With the line that contains "EUFAB Halogen-Autolampe H7, 12V, 55W, PX26D, 2" as the final line, return every line from the start of the data below exactly.

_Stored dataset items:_
=== Section Start ===
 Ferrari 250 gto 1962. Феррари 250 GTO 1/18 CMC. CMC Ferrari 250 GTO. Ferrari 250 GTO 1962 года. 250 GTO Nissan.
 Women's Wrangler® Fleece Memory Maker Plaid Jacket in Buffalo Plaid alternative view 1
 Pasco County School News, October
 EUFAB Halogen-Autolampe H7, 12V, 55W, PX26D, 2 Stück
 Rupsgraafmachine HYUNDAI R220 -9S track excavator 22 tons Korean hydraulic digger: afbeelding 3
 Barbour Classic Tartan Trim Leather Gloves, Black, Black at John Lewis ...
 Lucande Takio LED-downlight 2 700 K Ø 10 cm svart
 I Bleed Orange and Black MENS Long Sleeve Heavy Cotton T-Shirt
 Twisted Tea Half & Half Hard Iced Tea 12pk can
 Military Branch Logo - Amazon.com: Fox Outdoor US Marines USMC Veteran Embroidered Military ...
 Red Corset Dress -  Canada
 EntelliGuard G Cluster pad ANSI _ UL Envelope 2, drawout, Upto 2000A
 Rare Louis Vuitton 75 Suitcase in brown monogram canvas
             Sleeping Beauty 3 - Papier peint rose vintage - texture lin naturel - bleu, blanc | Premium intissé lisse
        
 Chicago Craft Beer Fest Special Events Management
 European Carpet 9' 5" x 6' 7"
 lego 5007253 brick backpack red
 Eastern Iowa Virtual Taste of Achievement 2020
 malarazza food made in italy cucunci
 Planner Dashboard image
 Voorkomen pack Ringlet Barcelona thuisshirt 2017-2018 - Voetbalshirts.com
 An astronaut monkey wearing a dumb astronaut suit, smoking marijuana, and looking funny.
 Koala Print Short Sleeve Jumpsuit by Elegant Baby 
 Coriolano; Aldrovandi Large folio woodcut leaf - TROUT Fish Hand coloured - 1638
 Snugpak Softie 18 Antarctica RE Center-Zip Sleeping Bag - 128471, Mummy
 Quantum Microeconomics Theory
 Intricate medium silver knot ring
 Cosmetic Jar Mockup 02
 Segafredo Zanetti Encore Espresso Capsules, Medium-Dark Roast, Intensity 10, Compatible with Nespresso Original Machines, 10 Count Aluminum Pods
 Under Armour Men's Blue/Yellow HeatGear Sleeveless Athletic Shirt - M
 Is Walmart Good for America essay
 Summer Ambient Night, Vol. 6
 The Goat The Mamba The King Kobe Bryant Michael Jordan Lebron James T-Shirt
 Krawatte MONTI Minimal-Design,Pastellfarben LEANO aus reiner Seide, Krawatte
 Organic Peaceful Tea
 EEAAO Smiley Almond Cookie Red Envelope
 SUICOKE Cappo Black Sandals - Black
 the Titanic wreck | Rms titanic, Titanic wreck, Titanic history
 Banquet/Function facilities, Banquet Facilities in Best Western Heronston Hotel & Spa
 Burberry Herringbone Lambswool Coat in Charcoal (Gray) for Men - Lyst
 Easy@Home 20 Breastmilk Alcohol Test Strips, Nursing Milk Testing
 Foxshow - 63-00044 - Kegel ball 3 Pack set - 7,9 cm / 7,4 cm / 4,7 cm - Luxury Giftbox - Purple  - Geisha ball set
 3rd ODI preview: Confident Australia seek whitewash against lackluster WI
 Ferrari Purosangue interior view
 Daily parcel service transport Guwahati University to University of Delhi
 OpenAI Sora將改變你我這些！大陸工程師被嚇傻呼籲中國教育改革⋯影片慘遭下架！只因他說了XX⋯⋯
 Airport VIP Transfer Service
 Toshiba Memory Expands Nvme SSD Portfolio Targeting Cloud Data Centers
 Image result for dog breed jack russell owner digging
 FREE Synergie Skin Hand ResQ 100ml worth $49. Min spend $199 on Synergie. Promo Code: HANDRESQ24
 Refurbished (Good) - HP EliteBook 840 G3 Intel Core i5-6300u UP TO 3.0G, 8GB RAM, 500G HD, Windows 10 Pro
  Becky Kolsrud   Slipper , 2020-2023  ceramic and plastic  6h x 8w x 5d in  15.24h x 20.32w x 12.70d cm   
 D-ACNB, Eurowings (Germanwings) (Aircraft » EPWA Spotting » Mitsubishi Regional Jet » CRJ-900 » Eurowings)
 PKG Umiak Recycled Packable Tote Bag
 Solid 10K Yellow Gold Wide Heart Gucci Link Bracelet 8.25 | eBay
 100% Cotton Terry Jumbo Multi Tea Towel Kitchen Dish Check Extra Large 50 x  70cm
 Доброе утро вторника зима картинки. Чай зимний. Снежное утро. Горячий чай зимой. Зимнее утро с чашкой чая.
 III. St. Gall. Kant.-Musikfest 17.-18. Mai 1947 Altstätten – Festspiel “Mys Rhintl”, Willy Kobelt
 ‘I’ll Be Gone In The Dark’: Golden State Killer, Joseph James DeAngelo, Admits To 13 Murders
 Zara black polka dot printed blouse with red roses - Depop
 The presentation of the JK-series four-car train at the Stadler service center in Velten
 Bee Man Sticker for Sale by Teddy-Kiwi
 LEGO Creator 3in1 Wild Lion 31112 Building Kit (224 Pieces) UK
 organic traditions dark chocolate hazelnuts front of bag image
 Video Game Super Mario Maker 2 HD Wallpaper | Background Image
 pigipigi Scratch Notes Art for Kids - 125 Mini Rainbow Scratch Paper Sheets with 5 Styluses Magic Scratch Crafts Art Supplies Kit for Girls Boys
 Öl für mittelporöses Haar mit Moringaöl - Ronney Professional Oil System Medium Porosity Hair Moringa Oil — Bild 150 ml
=== Section End ===
_Result below:_
 Ferrari 250 gto 1962. Феррари 250 GTO 1/18 CMC. CMC Ferrari 250 GTO. Ferrari 250 GTO 1962 года. 250 GTO Nissan.
 Women's Wrangler® Fleece Memory Maker Plaid Jacket in Buffalo Plaid alternative view 1
 Pasco County School News, October
 EUFAB Halogen-Autolampe H7, 12V, 55W, PX26D, 2 Stück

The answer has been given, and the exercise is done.